Medium-Term Outlook: 6,000–6,300 Targets And The 10,000 Scenario

Medium term, institutional commentary around gold remains strongly constructive. One specialist precious-metals manager is openly projecting spot prices above 6,000 $/oz this year, while a major global bank pegs 6,300 $/oz as a realistic target by the end of 2026, driven by central-bank demand and ongoing portfolio diversification into hard assets. Some macro funds are already debating a multi-year pathway towards 10,000 $/oz if current trends persist. The logic is straightforward: developed-market fiscal positions are deteriorating; reserve managers want neutral assets outside any single jurisdiction; and geopolitical fragmentation from Eastern Europe to the Middle East keeps risk premia elevated. At the same time, more cautious desks are managing around the volatility spike that took XAU/USD above 5,500 $/oz. Their approach has been to tighten stops and crystallise gains as spot approached 5,000–5,100 $/oz, while staying structurally bullish. In their framework, a pullback into 4,700–4,850 $/oz is a normal correction in a long-term uptrend, not a regime change. A deeper and more persistent drawdown would require simultaneous easing of geopolitical stress, a clearly more hawkish Fed path, and a visible slowdown in central-bank gold buying – conditions that are not present yet.

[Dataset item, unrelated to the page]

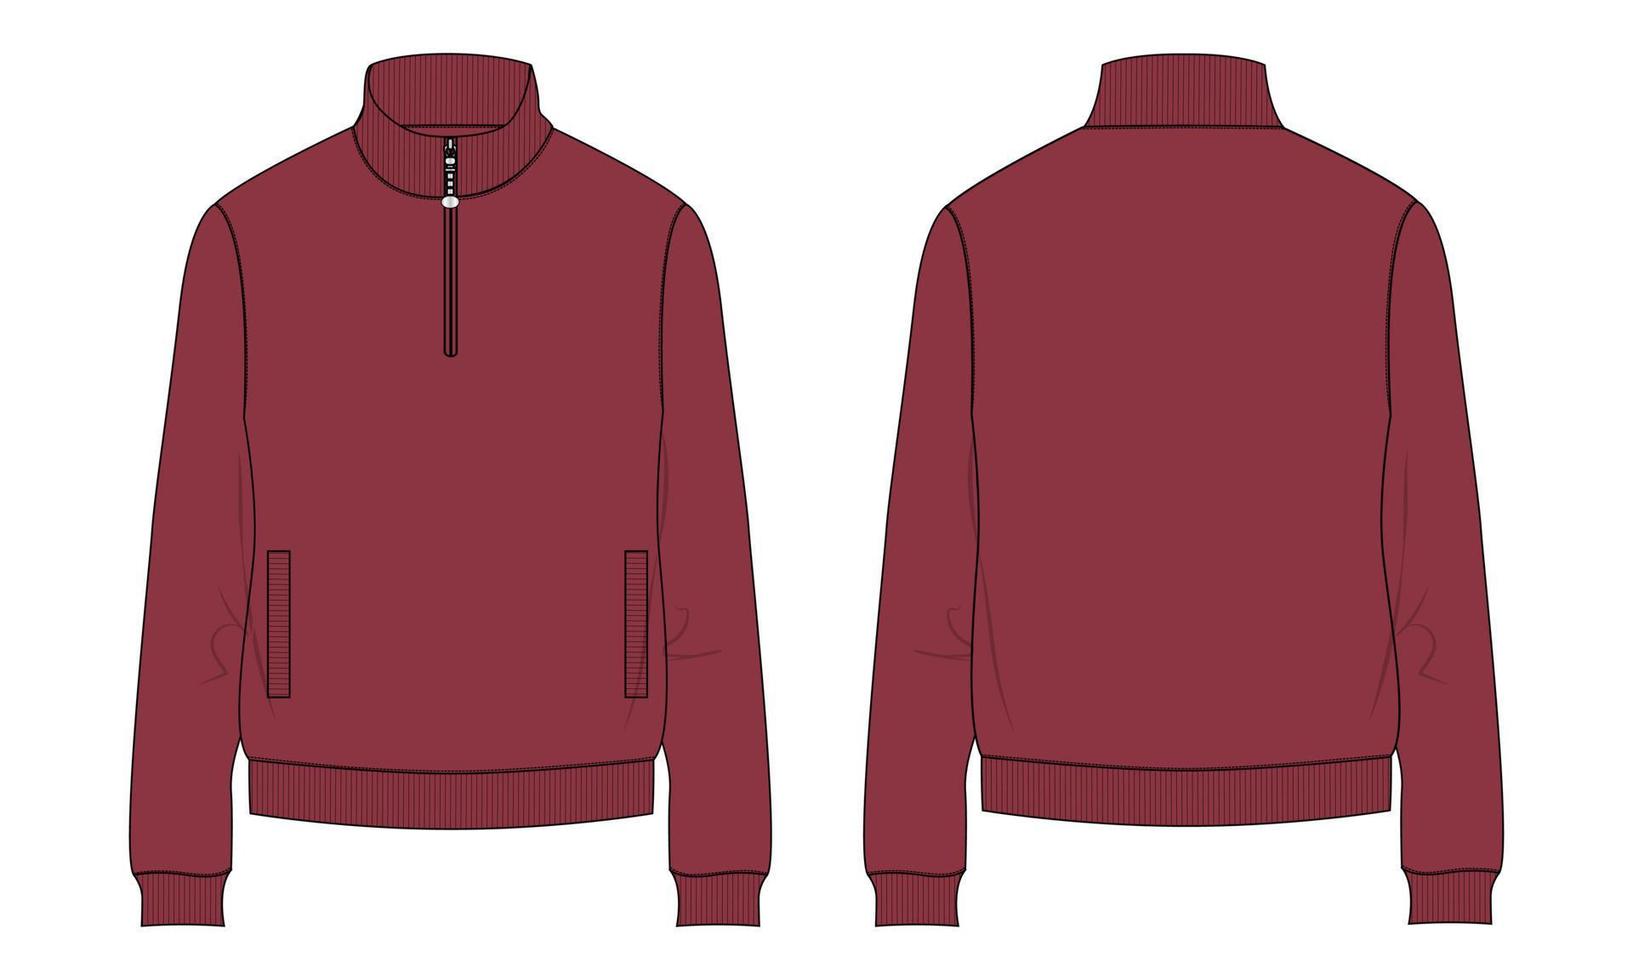 jaqueta de moletom de manga longa técnica de moda desenho plano ilustração vetorial modelo de cor vermelha vetor

Strategic Verdict On Gold: Hold At 5,000+, Accumulate On Deep Dips

The combined macro, policy, flow and technical picture keeps XAU/USD in a strong secular uptrend, but entry quality at current levels is not symmetric. At prices around 5,050–5,100 $/oz, immediate upside points first to 5,200 $/oz, then 5,451 $/oz, and potentially a retest of the 5,598 $/oz record, with credible institutional roadmaps towards 6,000–6,300 $/oz and – on a longer horizon – even higher levels if the fiscal and geopolitical backdrop deteriorates. Downside protection is anchored around 4,850 $/oz and reinforced near 4,700–4,681 $/oz via the major moving average cluster. A clear break underneath that lower platform would signal a deeper correction, likely tied to softer geopolitical risk and a more restrictive Fed stance. Under current conditions, gold at 5,000+ is a HOLD with a bullish bias, while the higher-conviction strategy is to accumulate XAU/USD on pullbacks into the 4,850–4,700 $/oz zone, as long as growth remains soft, inflation stays above target, the Fed is divided, tariff policy is unstable and Middle East risk remains unresolved.